The value of $r$ varies from $-1$ to $1.$ A value close to $-1$ indicates a negative correlation, while a value close to $1$ indicates a positive correlation. But the value of $r$ is close to $0,$ this means that the data have no correlation.
c To graph the line of best fit, first press $Y= $ and write the equation of the line of best fit.

To graph the scatter plot, first push the buttons $2nd $ and $Y= .$ Then, choose one of the plots in the list. Select the option ON,

choose the type to be a scatter plot, and assign $L_{1}$ and $L_{2}$ as XList

and Ylist,

respectively.

The plot can be made by pressing the button $GRAPH .$ It is possible that after drawing the plot the window-size is not large enough to see all of the information.

To fix this, press $ZOOM $ and select the option ZoomStat.

After doing that, the window will resize to show the important information.

Looking at the graph, it can be seen that the line of best fit is not close to any of the provided data points.

d In Part A the equation for the line of best fit was found.

$y=0.14x+9.43 $

In this equation, the slope is $0.14$ and the $y-$intercept is $9.43.$ - The slope indicates that after every exercise, the next one takes about an additional $0.14$ minutes to complete.
- The $y-$intercept indicates that the minimum time to complete an exercise is about $9.43$ minutes.

From Part C it can be noted that the line is not representative of the given data points. This means that these measures do not reflect the reality of the exercises.

e A graphing calculator can also be used to make predictions. To do so, first the window size should be changed to fit the prediction value of $x=8.$ To change the window size, press $WINDOW .$

Then, to find the value of $y$ when $x=8,$ press $CALC $ ($2ND $ and $TRACE ).$ Then press $ENTER $ to insert the value of $8$ for $x.$ Finally, press $ENTER $ again.

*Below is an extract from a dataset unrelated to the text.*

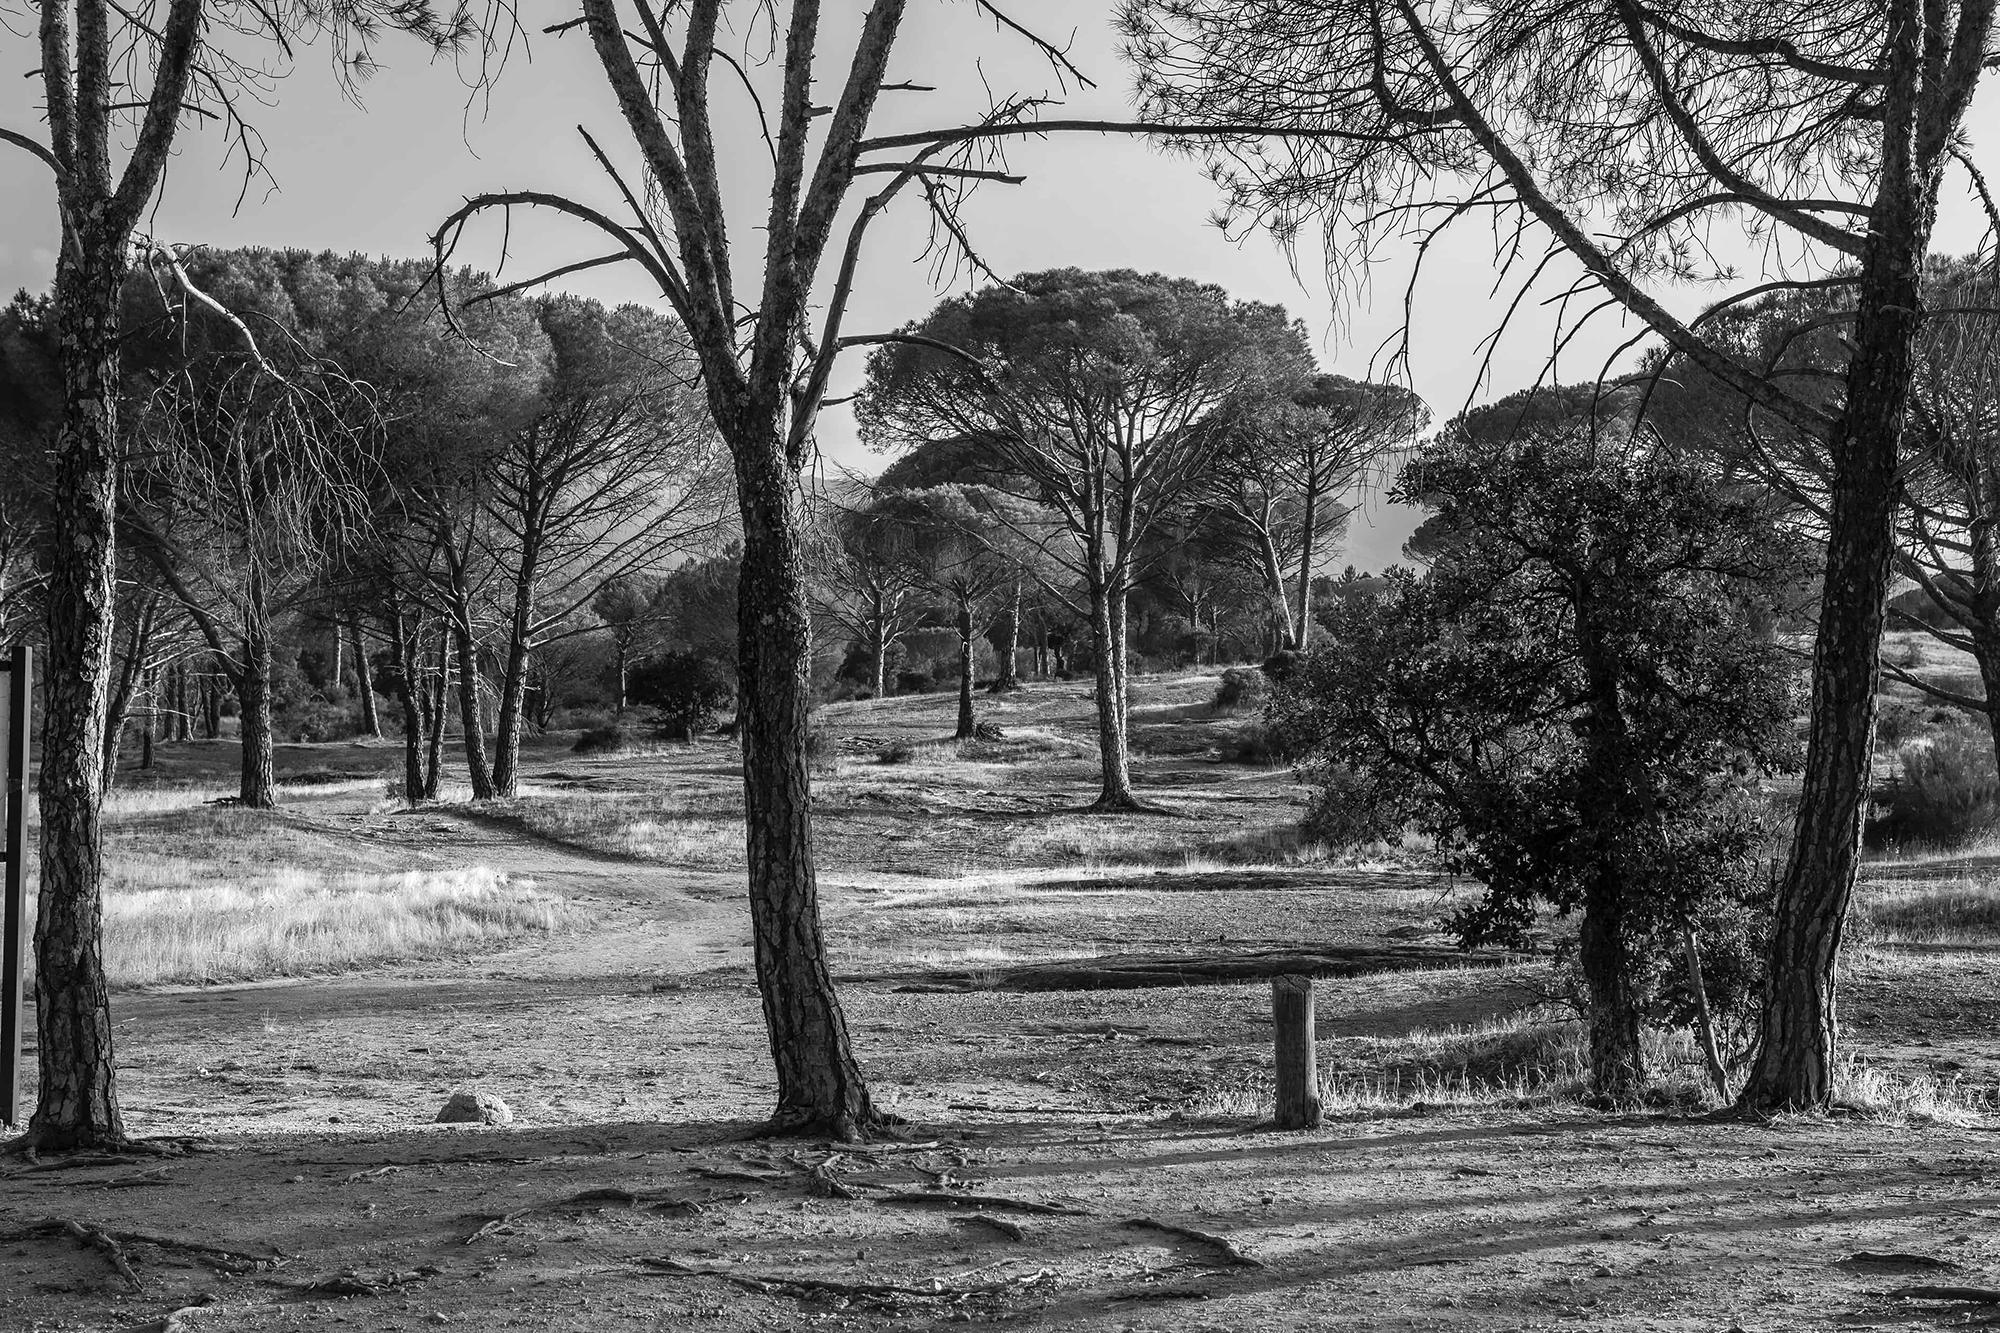 Forêt de pins en noir et blanc

The value of $y$ when $x=8$ is about $10.57.$ This means that Davontay will finish the eighth exercise in less than $11$ minutes. Since none of the given data values are really close to the line of best fit and the data is not correlated, it can be said that this is a not good approximation for the actual value.

$y=0.14x+9.43$

Solve for $y$

$y=10.55$

In this lesson it was shown how to find the line of best fit for data sets and how to make predictions using these lines. Considering the examples discussed throughout the lesson, it is possible to make two conclusions.

- The lines of best fit are good to make predictions
*only if*the data have a linear correlation. - The stronger the correlation is, the more accurate the predictions are expected to be.